BEGIN RECORDS FOR THE EXERCISE

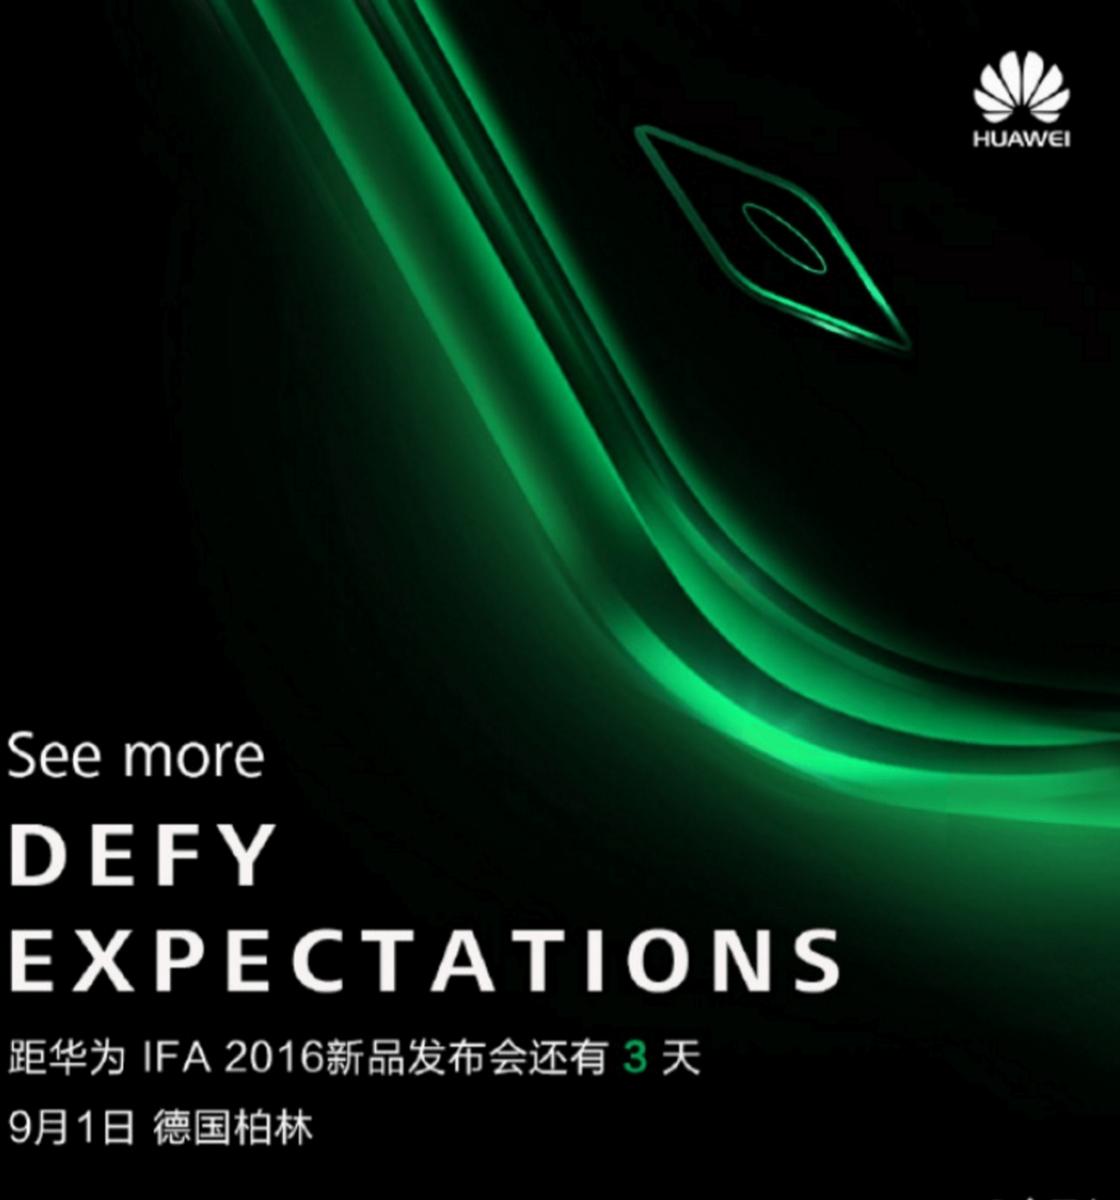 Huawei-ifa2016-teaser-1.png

END RECORDS FOR THE EXERCISE
BEGIN RECORDS FOR THE EXERCISE

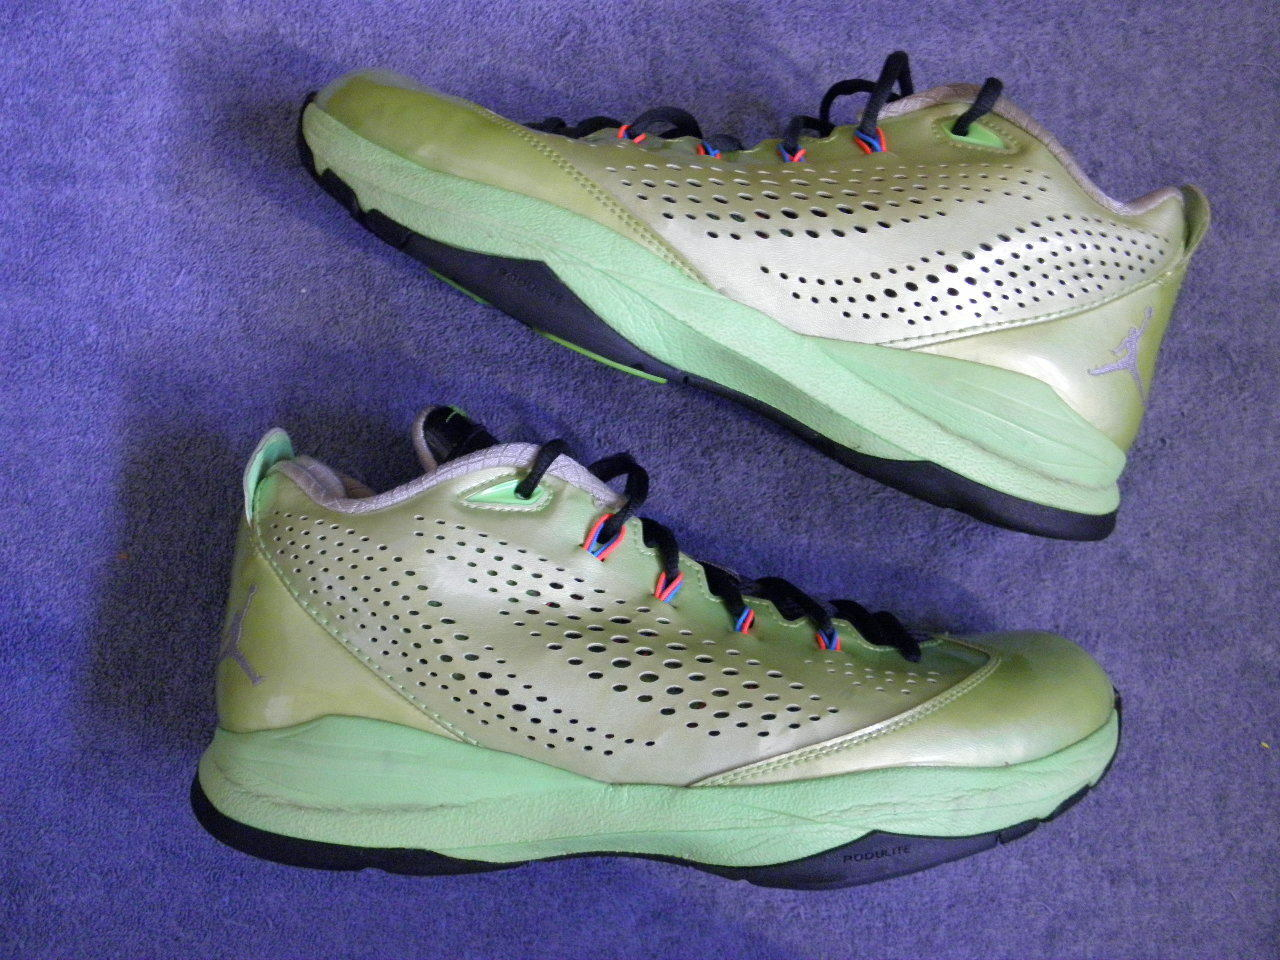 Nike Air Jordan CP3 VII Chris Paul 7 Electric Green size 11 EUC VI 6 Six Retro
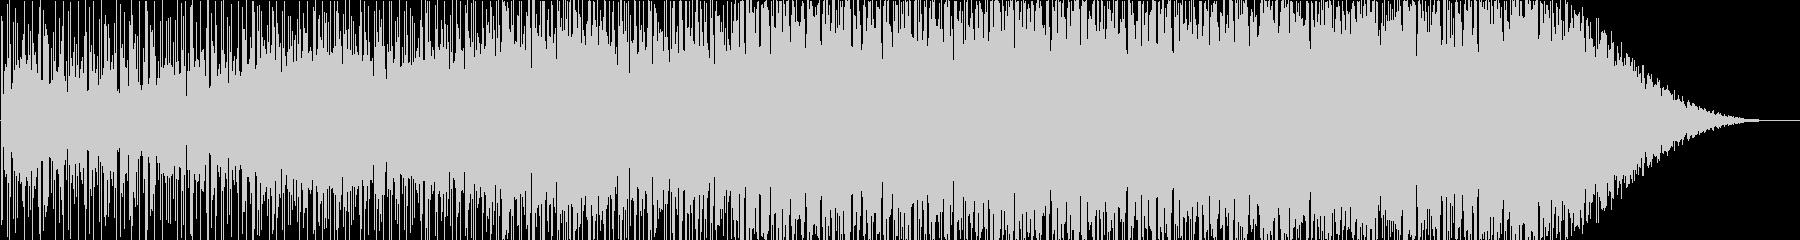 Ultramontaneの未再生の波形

END RECORDS FOR THE EXERCISE

• **TASK STATEMENT**
Print from the line containing "Nike Air Jordan" through the line containing "Ultramontaneの未再生の波形" in the data above, exactly as the lines stand, and omit every picture.

• **EXERCISE SOLUTION**
 Nike Air Jordan CP3 VII Chris Paul 7 Electric Green size 11 EUC VI 6 Six Retro
 Ultramontaneの未再生の波形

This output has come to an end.